The Primary Care CPT Code Landscape
Primary care billing is built around evaluation and management (E/M) codes, but the revenue potential extends well beyond office visits. Chronic care management, preventive wellness exams, annual wellness visits, and in-office procedures represent significant revenue streams that many primary care practices underutilize. Understanding the full code set and billing each service accurately is the difference between a practice that survives on thin E/M margins and one that thrives.
E/M Office Visit Codes (99202-99215)
E/M codes are the foundation of primary care revenue. New patient visits (99202-99205) and established patient visits (99212-99215) are billed based on medical decision-making (MDM) complexity or total time. The 2021 E/M guidelines simplified documentation by eliminating the history and exam bullet-point requirements, allowing providers to focus on MDM.
Level 3 established patient (99213) is the most commonly billed code in primary care, reimbursing approximately $92 under Medicare. Level 4 (99214) reimburses approximately $132 and is appropriate for visits involving multiple chronic conditions, medication adjustments, or new problems requiring workup. Practices that default to level 3 when documentation supports level 4 leave significant revenue uncollected.
Preventive and Wellness Codes
Annual wellness visits (AWV) for Medicare patients use codes G0438 (initial AWV, approximately $175) and G0439 (subsequent AWV, approximately $118). These are distinct from the traditional preventive exam codes (99381-99397) used for commercial patients. A common error is billing 99395 for a Medicare patient instead of G0439, resulting in denial because Medicare does not cover traditional preventive exams.
When a patient presents for a preventive visit but also has a problem that requires evaluation, you can bill both the preventive code and an E/M code with modifier 25. The problem-focused E/M must be separately documented and clinically distinct from the preventive service.
Chronic Care Management (CCM)
CCM codes (99490, 99491, 99437) generate monthly recurring revenue for managing patients with two or more chronic conditions. Code 99490 (20+ minutes of clinical staff time) reimburses approximately $42 per month per patient. Code 99491 (30+ minutes of physician/QHP time) reimburses approximately $83. For a practice with 200 eligible CCM patients, this represents $100,000 to $200,000 in annual revenue from a service that requires no office visit.

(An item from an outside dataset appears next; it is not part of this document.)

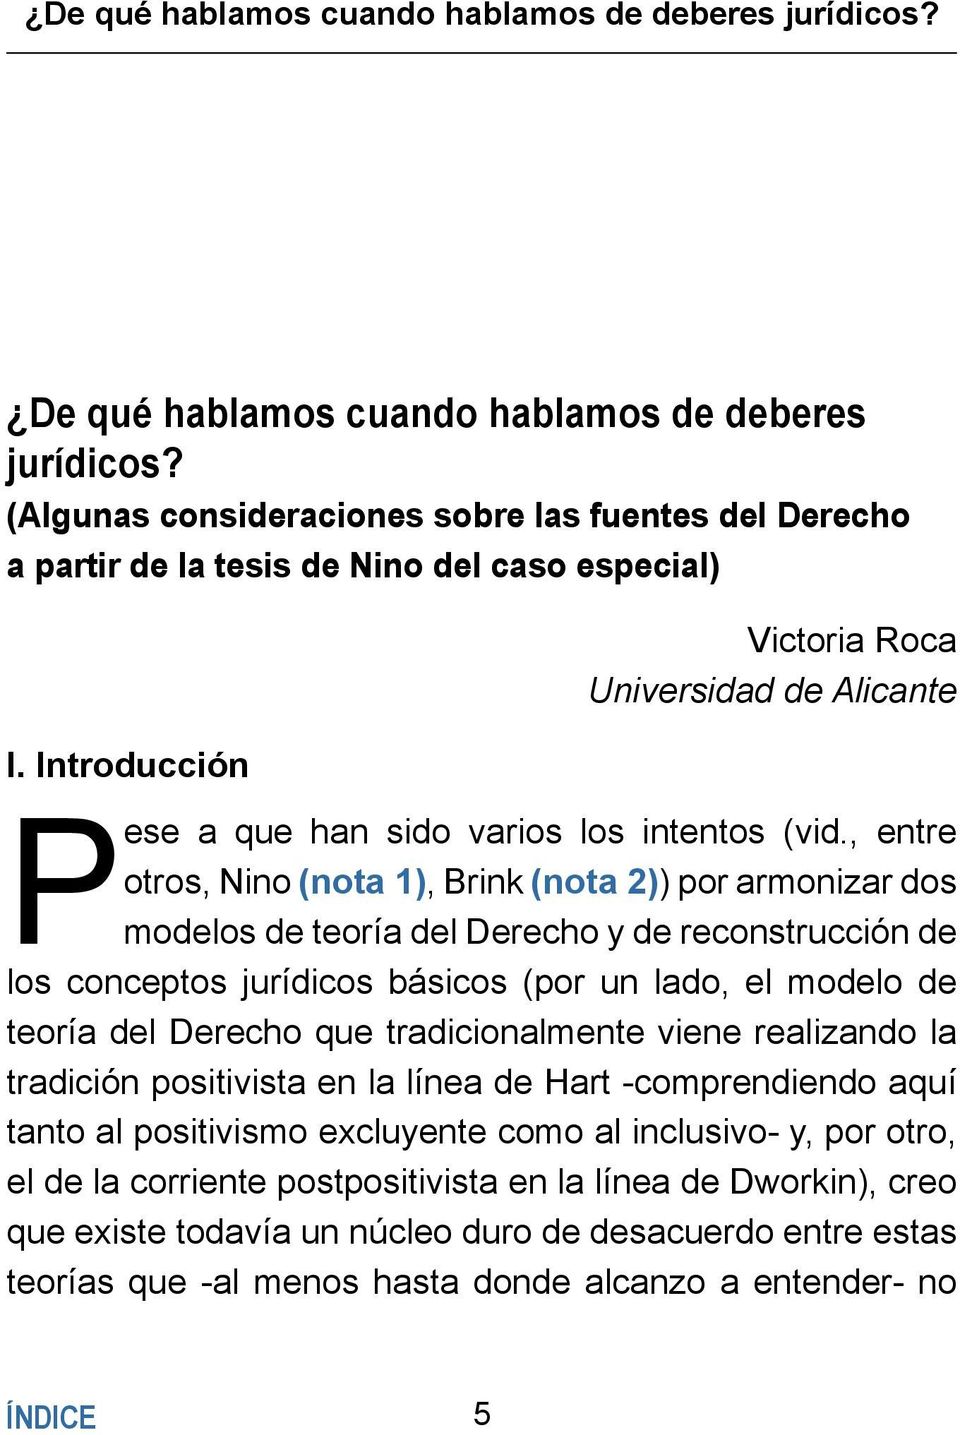 Introducción Victoria Roca Universidad de Alicante Pese a que han sido varios los intentos (vid.

Common In-Office Procedures
Primary care practices that perform in-office procedures capture additional revenue beyond the E/M visit. Lesion destruction (17000-17004), skin biopsy (11102-11107), joint injections (20610-20611), and ear irrigation (69209) are commonly performed in primary care. Each generates a separate billable charge. A skin biopsy (11102) reimburses approximately $100, turning a 5-minute procedure into meaningful additional revenue.
Transitional Care Management (TCM)
TCM codes (99495, 99496) apply when a patient is discharged from a hospital, SNF, or observation and the primary care practice provides follow-up within 7 or 14 days. Code 99496 (face-to-face visit within 7 days of discharge) reimburses approximately $240, making it one of the highest-value codes available to primary care. Many practices do not bill TCM because they are unaware of the service requirements or do not track hospital discharges.